1.2. Effect of Gut Microbiota

A healthy microbiota prevents the body from developing metabolic syndrome, as the gut microbiome is a significant component of human biology in both health and disease [11,12]. Akkermansia muciniphila is a mucin-degrading gut bacterium inhabitant of the mucus layer of the gut endothelium. Everard et al. (2013) [13] fed obese mice prebiotic oligofructose, which enriched their guts with Akkermansia muciniphila and subsequently treated metabolic syndrome in the obese mice. The administration of A. muciniphila enhanced the intestinal level of their endocannabinoids, which govern inflammation, the gut barrier, and gut peptide release. The authors further reported that using A. muciniphila membrane protein helps mice with metabolic syndrome. The use of membrane proteins from A. muciniphila has been employed to treat metabolic syndrome in mice. Abdominal obesity and insulin resistance are the primary underlying risk factors for metabolic syndrome.

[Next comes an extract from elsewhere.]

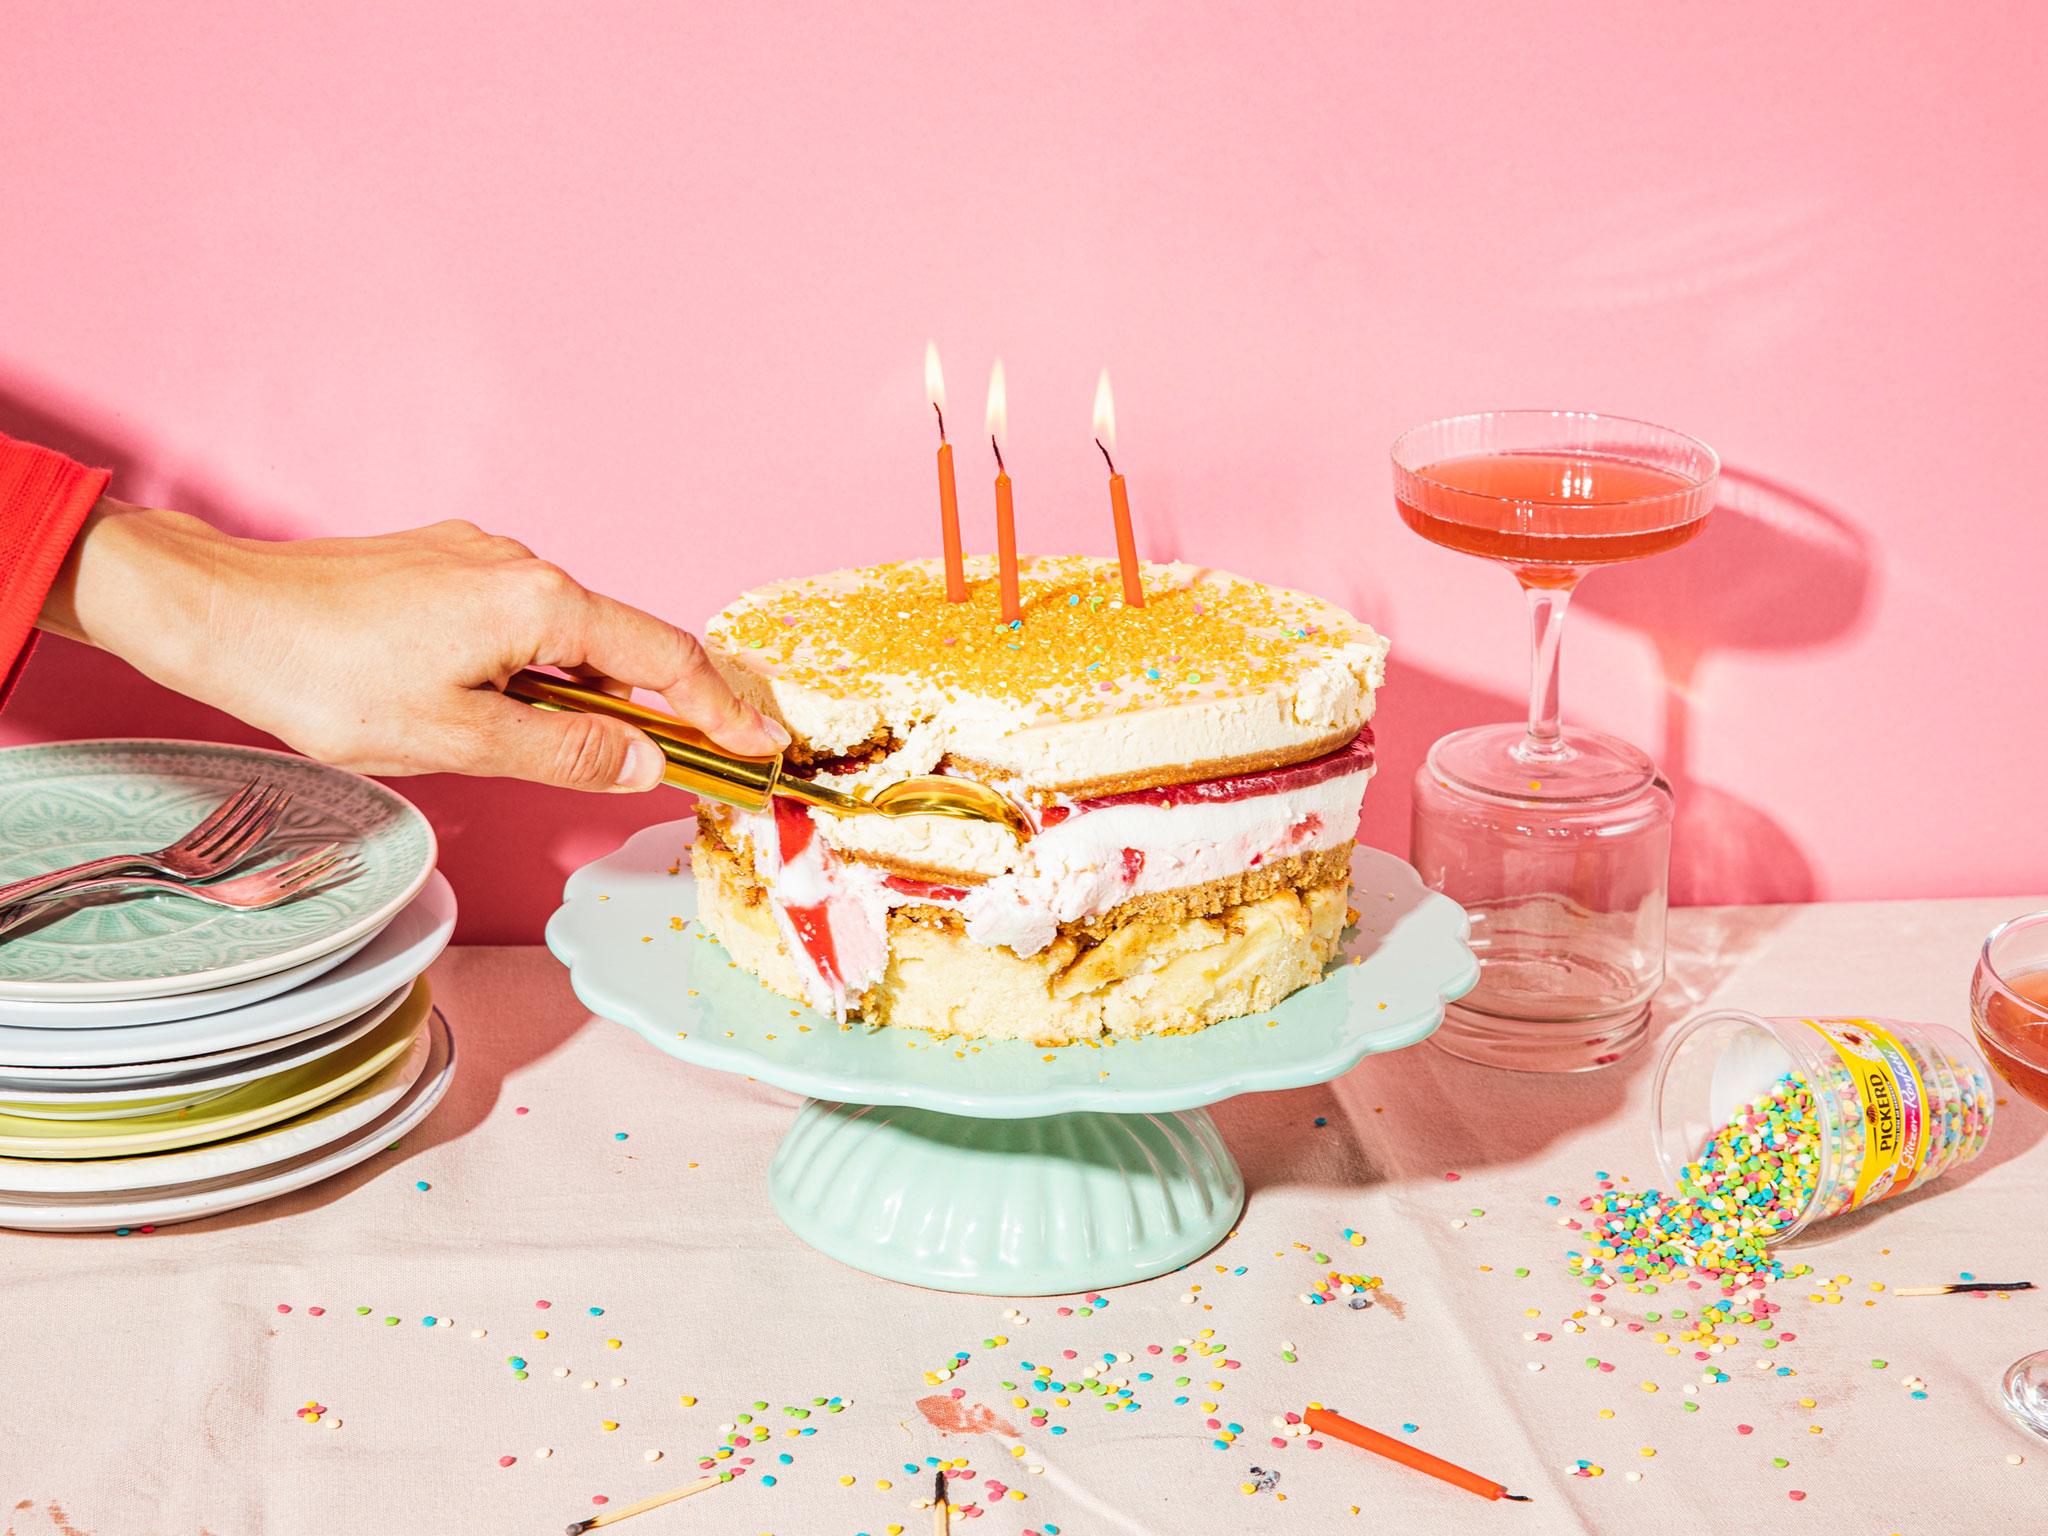 Phenomenal 22 Spectacular Birthday Cake Recipes Kitchen Stories Funny Birthday Cards Online Alyptdamsfinfo

1.3. Several Hypothesized Pathways Underlie the Pathogenesis of Metabolic Syndromes Such as Oxidative Stress, Chronic Inflammation, and Insulin Resistance with Fatty Acid Flux [14,15]

1.3.1. Oxidative Stress

Oxidative stress results in the etiology of many diseases. As far as metabolic disorders are concerned, oxidative stress restricts the amount of insulin secretion from the pancreatic β cells and impairs the glucose absorption in muscle and fat cells [16]. Increased oxidative stress affects the vascular wall cells, which leads to atherosclerosis and hypertension [17]. Oxidative stress induces insulin resistance and limits adipocytes from synthesizing adiponectin [18]. Adiponectin protects against the dispersion of severe diseases linked to metabolic disorders and oxidative stress, such as diabetes, cardiovascular disease, and hypertension [19]. Cabandugama et al. (2017) [20] showed a direct connection between obesity and hypertension, as adipose tissue stimulates the adrenal gland to release mineralocorticoid and acts upon the renin–angiotensin–aldosterone system. Hypertension develops as a result of an increase in sodium retention, vascular tone, and a restriction in norepinephrine absorption. As a result, it demonstrates a connection between the pathophysiology of hypertension and fat.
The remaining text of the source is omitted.